The Environmental Protection Agency (EPA) official all-electric range for the Fisker Karma is 32 mi under the agency's five-cycle tests using varying driving conditions and climate controls. EPA's estimated energy consumption is 65 kWh per 100 miles (1462 kJ/km). The total range with a full tank of gasoline and a fully charged battery is 230 mi. EPA's official rating for combined city/highway fuel economy in all-electric mode is 52 miles per gallon gasoline equivalent (MPG-e) (4.5 L gasoline equivalent/100 km; 62 mpg-imp gasoline equivalent). The EPA rating in gasoline-only mode is 20 mpgus.

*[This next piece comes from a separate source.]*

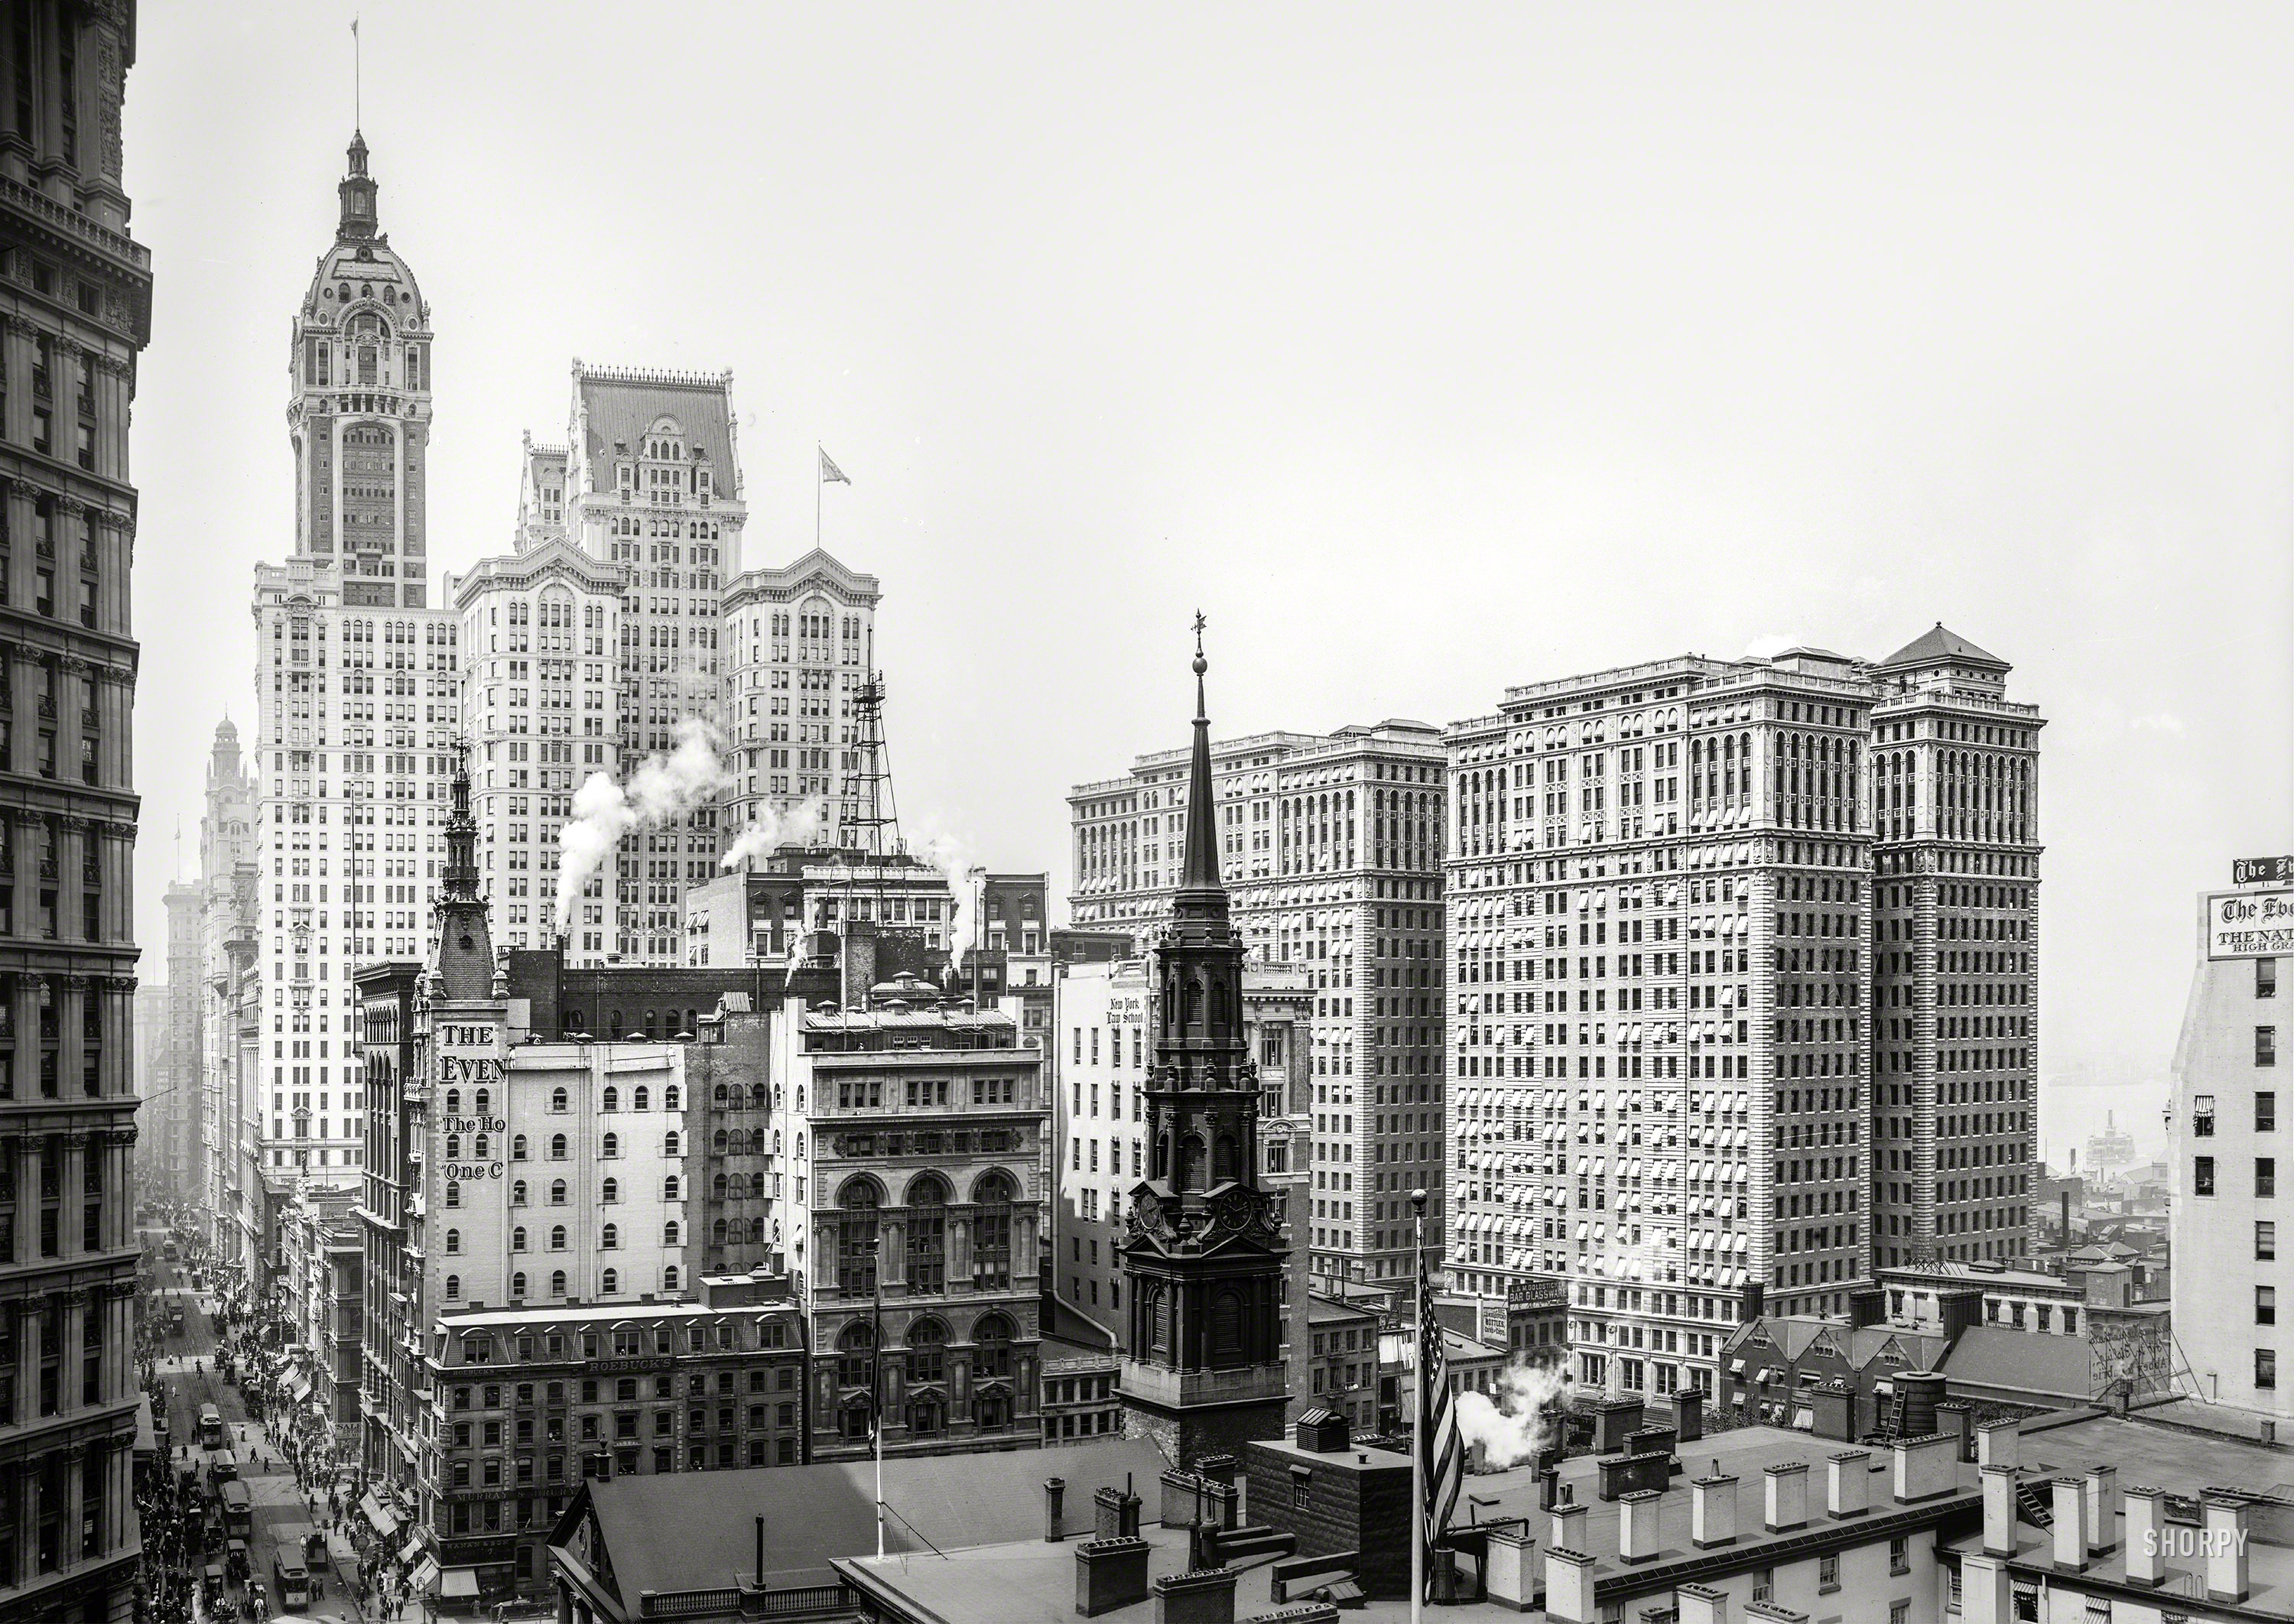 New York circa 1910. "Broadway and St. Paul's Chapel from the Post Office. Singer, City Investing and Hudson Terminal Buildings." With at least one windowsill milk bottle. Panorama made from two 8x10 inch glass negatives. View full size.

The German Technical Inspection Association (TÜV) found through independent tests that the Fisker Karma has an all-electric range of 83 km in stealth (all-electric) mode. TÜV found that in charge-sustaining sport mode the Karma achieves a fuel economy of 26 mpg (9.2 L/100 km). The combined fuel economy was rated at 112 MPG-e (2.1 l/100 km equivalent) and the emissions level is 51 g/km CO_{2}.

==Production and delivery==
Fisker Automotive and Valmet Automotive reached agreement in 2008 to manufacture the Karma in Uusikaupunki, Finland, with the final assembly contract signed by both parties on November 13, 2008.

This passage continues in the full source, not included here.